Dr. Mason is an associate professor of English at Shitennoji University in Japan, where she has been using her Story Listening method for many years. She uses simple stories, often folk tales, adapting vocabulary to a level that is comprehensible to her students. She establishes meaning through sketches, translations, synonyms, whatever strategy seems appropriate. After the students have heard the story she may give them a written version to read at home. She may ask them to write a summary of the story in their native language to evaluate to what degree they understood what they heard. As Dr. Mason points out, it “tells the teacher how well she did that day.” This is all the students are asked to do. The teacher’s goal is to furnish her students with a great deal of comprehensible input in a way that is pleasant for both students and teacher while requiring no expensive textbook, no technical support, no computers and very little preparation.
Dr. Mason has used Story Listening as her only curriculum for many years and has seen her students progress from mid-beginning to high intermediate in a few years. Through research studies on the benefits of Story Listening, she estimates that first year students can acquire 6-15 vocabulary words per hour of Story Listening. As their competence improves, their rate of acquisition accelerates.

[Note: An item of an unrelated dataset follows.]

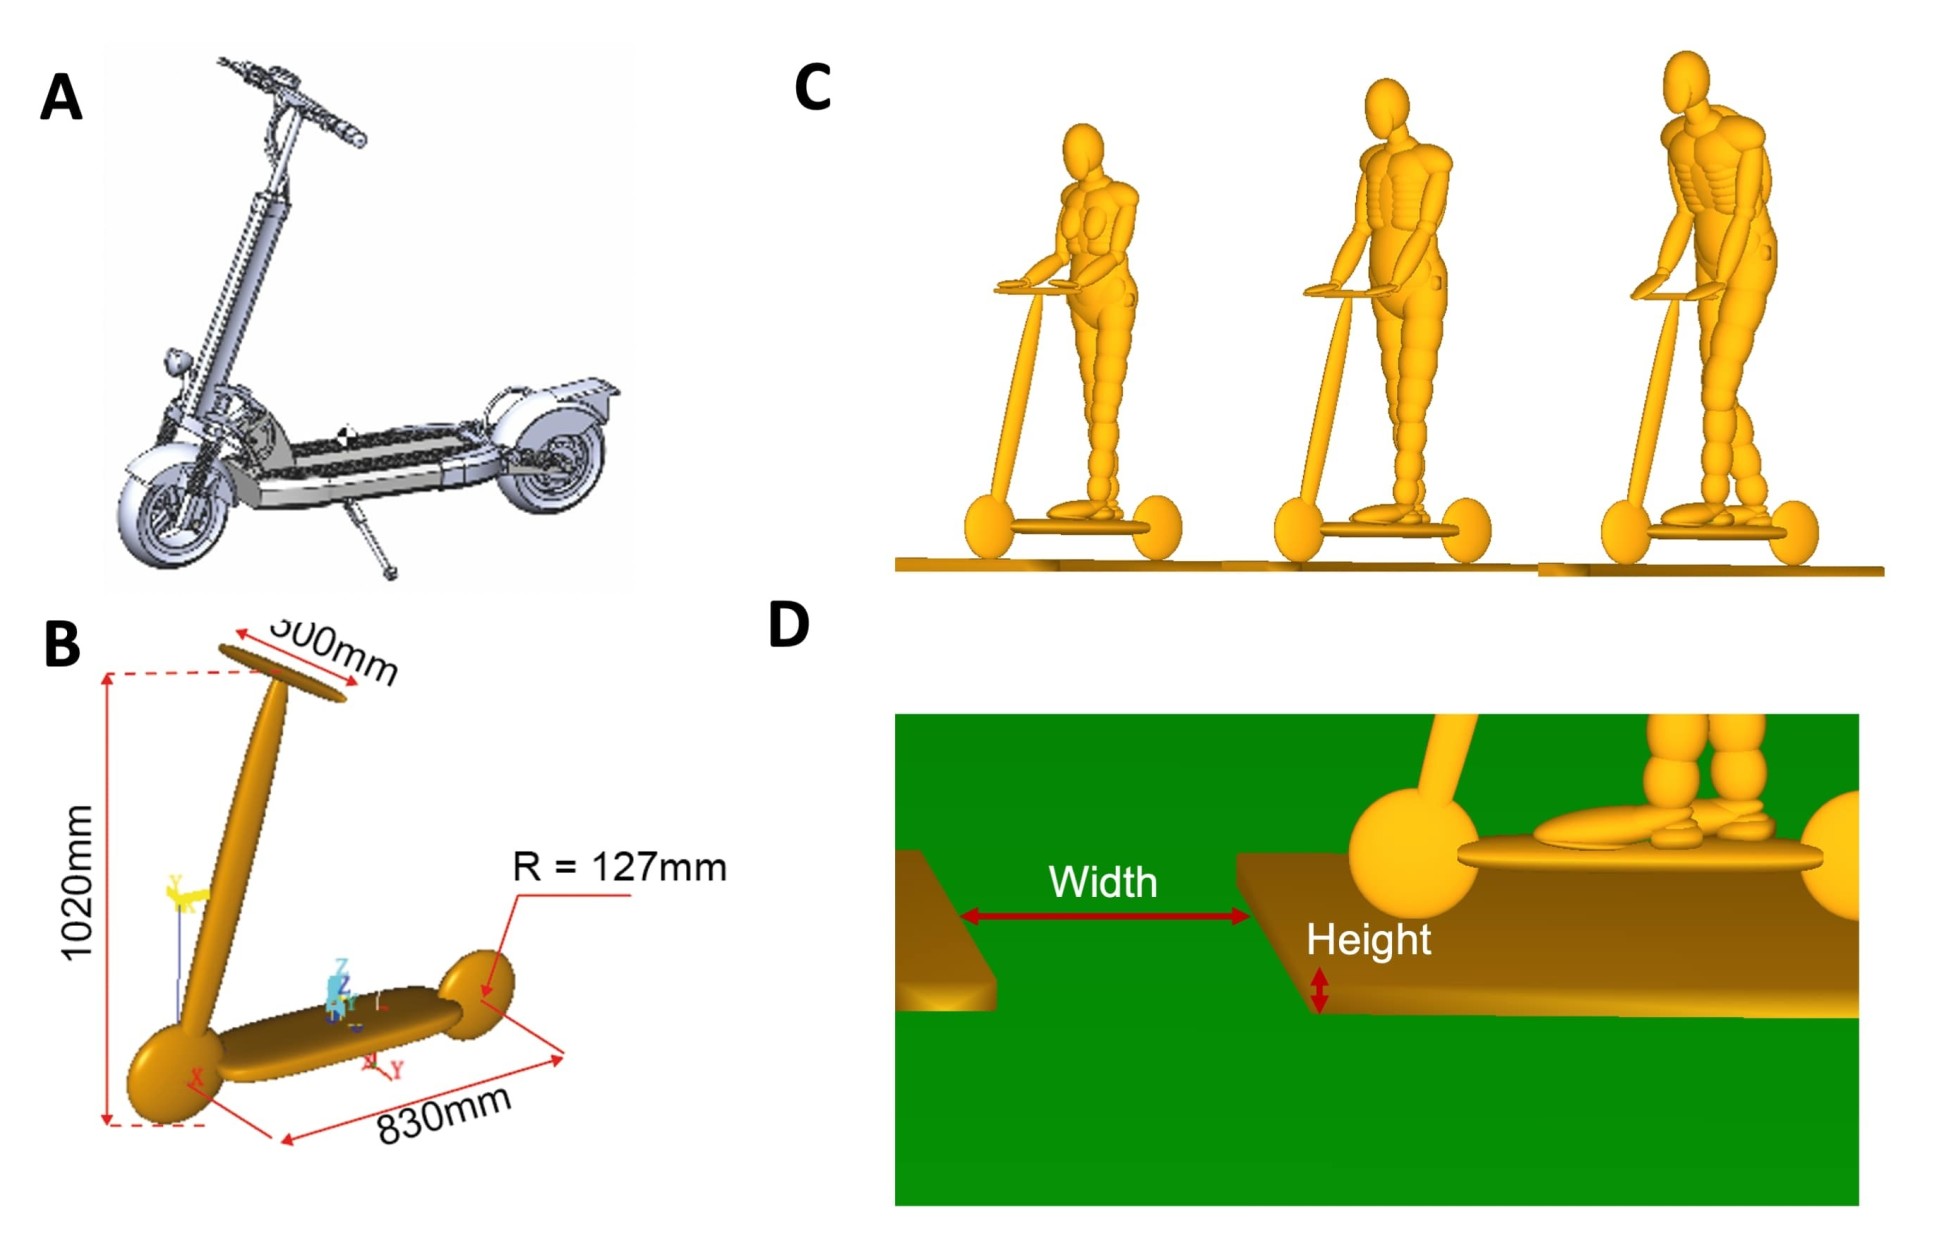 Diagrams of the computer models, showing the scooter, three human bodies of different sizes on said scooter, and the pothole size compared to the scooter wheel

Story Listening is not TPRS and it owes nothing to the “story asking” technique developed by Blaine Ray. Dr. Mason was not at all familiar with TPRS until Dr. Krashen urged her to learn more about it and she came to the five day TPRS workshop in Agen, France in July 2016. Agen is much smaller than the national conferences in the United States and the schedule allows participants time to get to know each other and share insights and impressions over delicious French meals. Kathrin Shechtman, Alice Ayel, Ben Slavic and Tina Hargaden had the opportunity to meet Dr. Mason and listened to her explain her Story Listening method, which she demonstrated during her plenary session on the last day of the workshop. When Kathrin returned to Germany, she began trying Story Listening with their own students. She loved the results. With the excitement and enthusiasm of new converts, Kathrin and Alice made videos and began talking about it at every opportunity. Soon other well-known CI teachers were experimenting and some found Story Listening easier and less demanding on both teacher and students than normal TPRS story asking.

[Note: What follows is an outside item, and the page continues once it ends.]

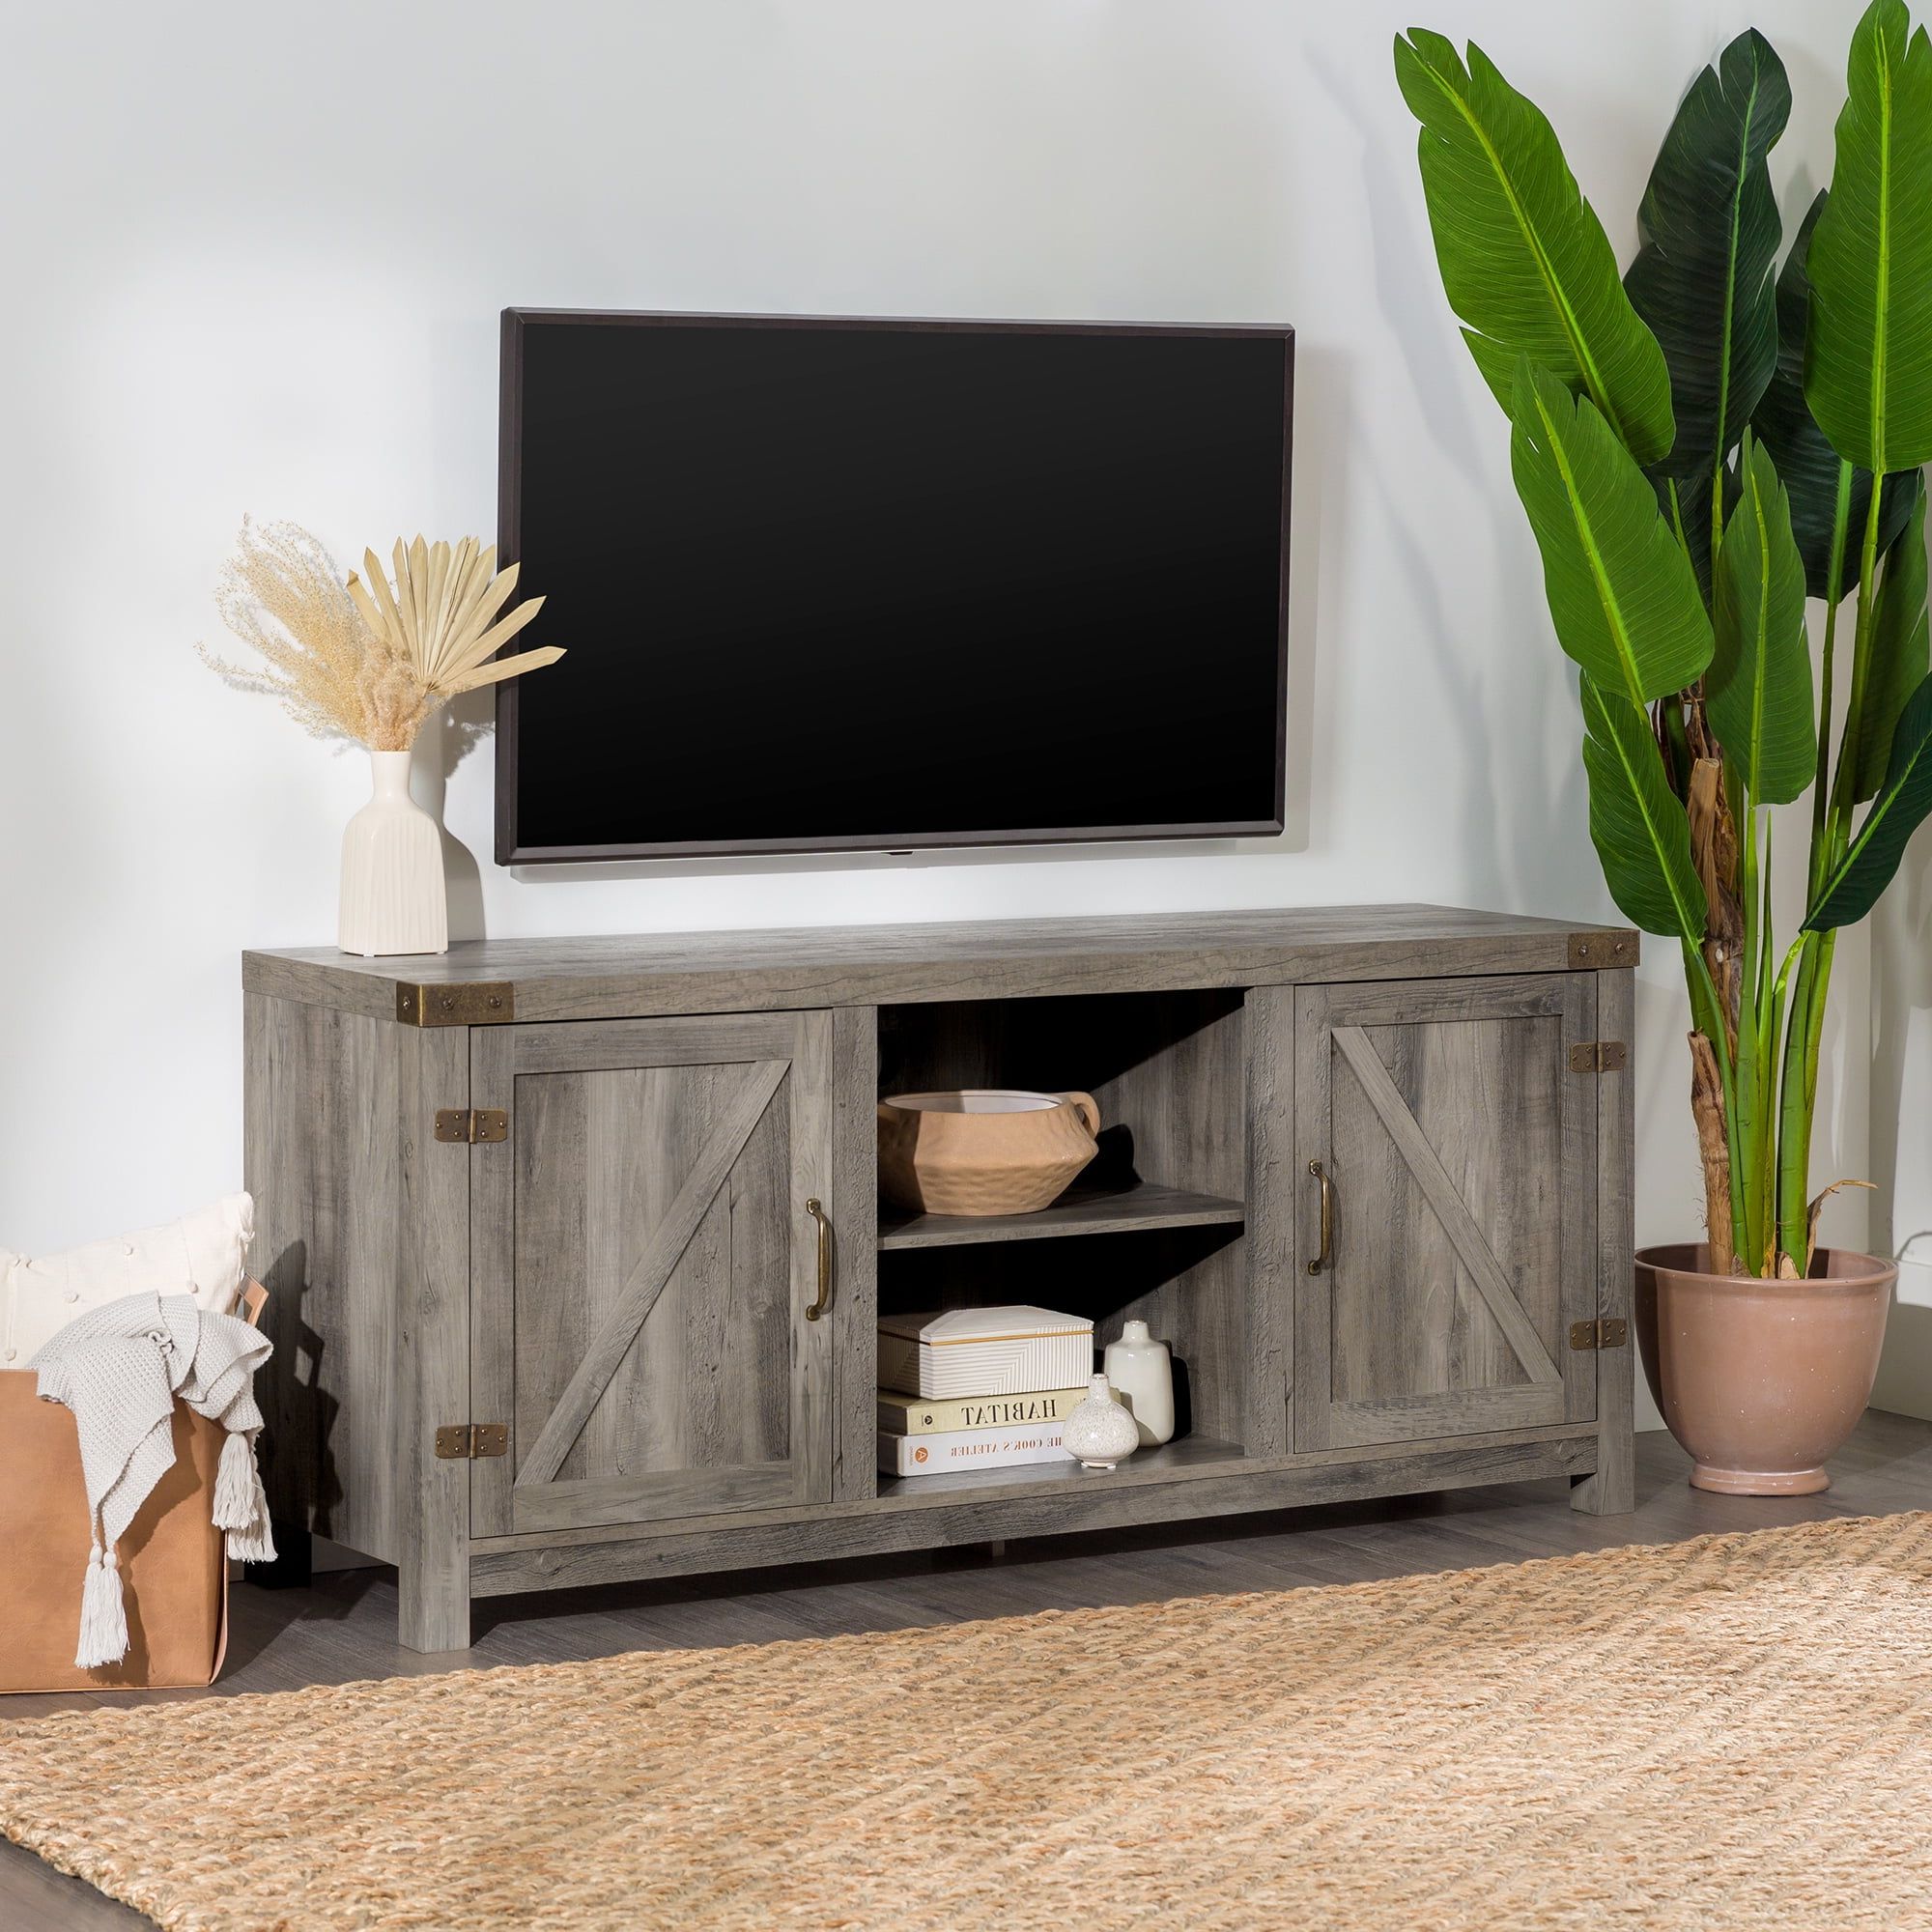 Woven Paths Modern Farmhouse Barn Door Tv Stand For Tvs Up To 65", Grey  Wash – Walmart With Regard To Farmhouse Stands For Tvs (Gallery 4 of 20)

Dr. Mason has demonstrated Story Listening on her website : http://beniko-mason.net/frontpage/2016/08/21/wine-well-story.html She has also written a description in an appendix in Ben Slavic’s latest book, A Natural Approach to Stories: A Happier Way to Teach Languages, available on the Teachers’ Discovery website.
She returned to  the Agen Workshop in 2017 and again demonstrated her technique, then she visited Kathrin in Ehrlangen, Germany, where a one day workshop on Story Listening was held.

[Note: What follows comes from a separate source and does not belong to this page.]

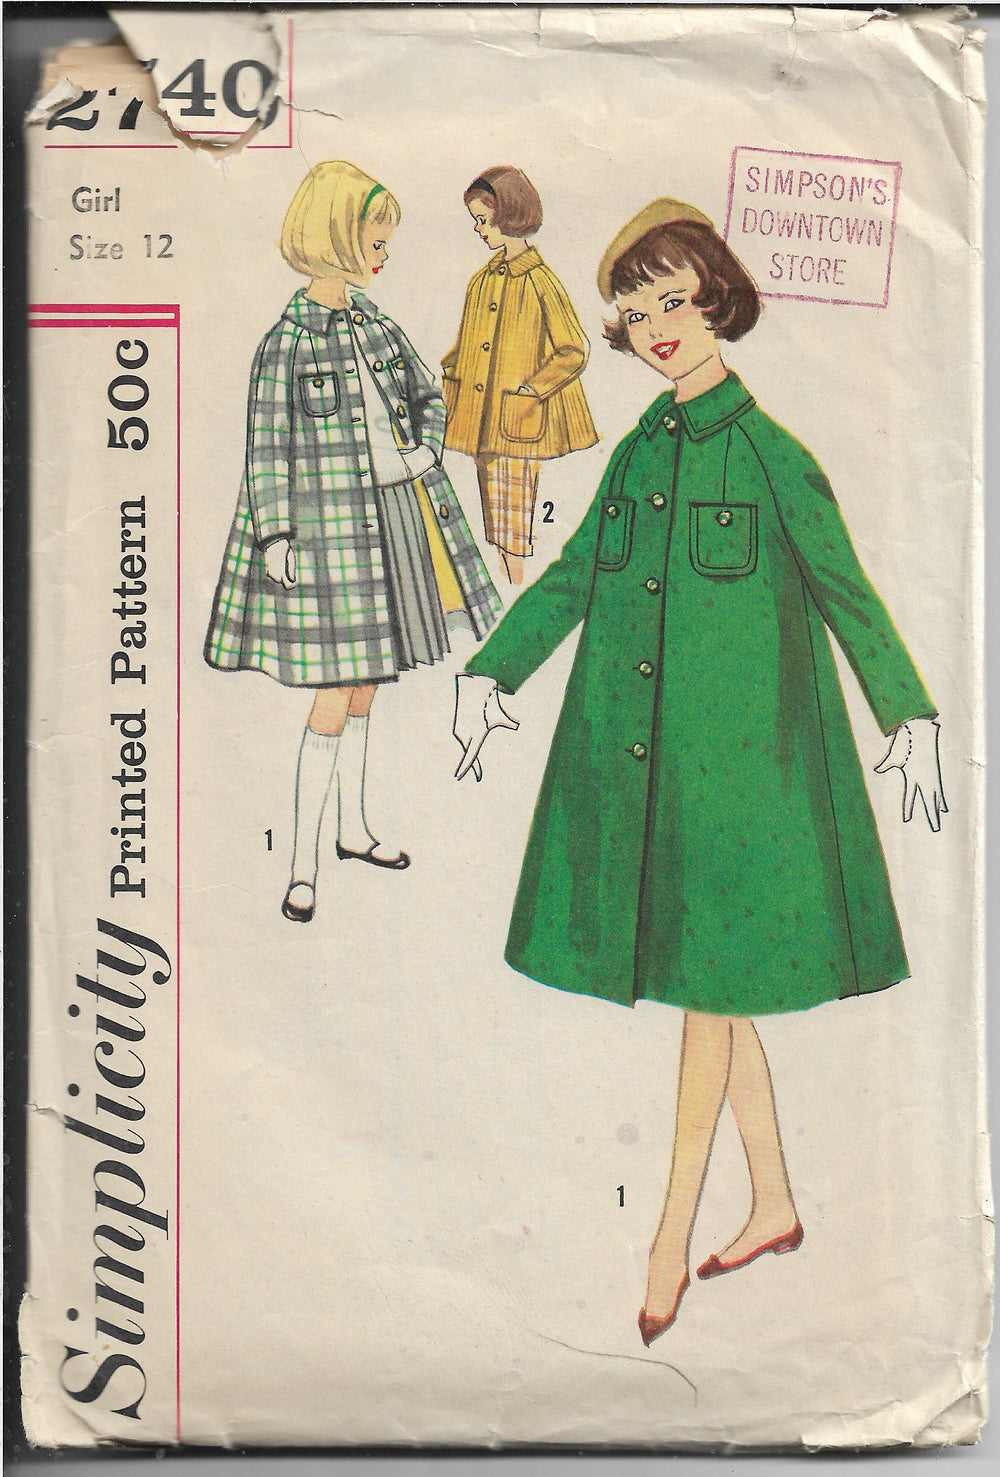 Simplicity 2740 Vintage Sewing Pattern 1950s Girls Coat - VintageStitching - Vintage Sewing Patterns

For those who wish to try Story Listening, Dr. Mason advises them to begin with a short version of a well-known folk tale that will last no longer than fifteen minutes. Once students are used to the technique, the stories can be longer. If the story is already familiar to students they will have fewer difficulties understanding it. Folk tales, almost by definition, are compelling even when they are well-known and have been heard many times before. Support is given as needed in the form of drawings, pictures, realia, synonyms, words written on the board and translations in order to make the story comprehensible. Later, as students adapt to the new method, they will need less and less support as they become absorbed in the stories. If they become restless and inattentive, it is probably caused by the teacher’s failure to be comprehensible, so she needs to backtrack to clarify what they have not understood. After the session, the teacher can give the students a written version of the story to read.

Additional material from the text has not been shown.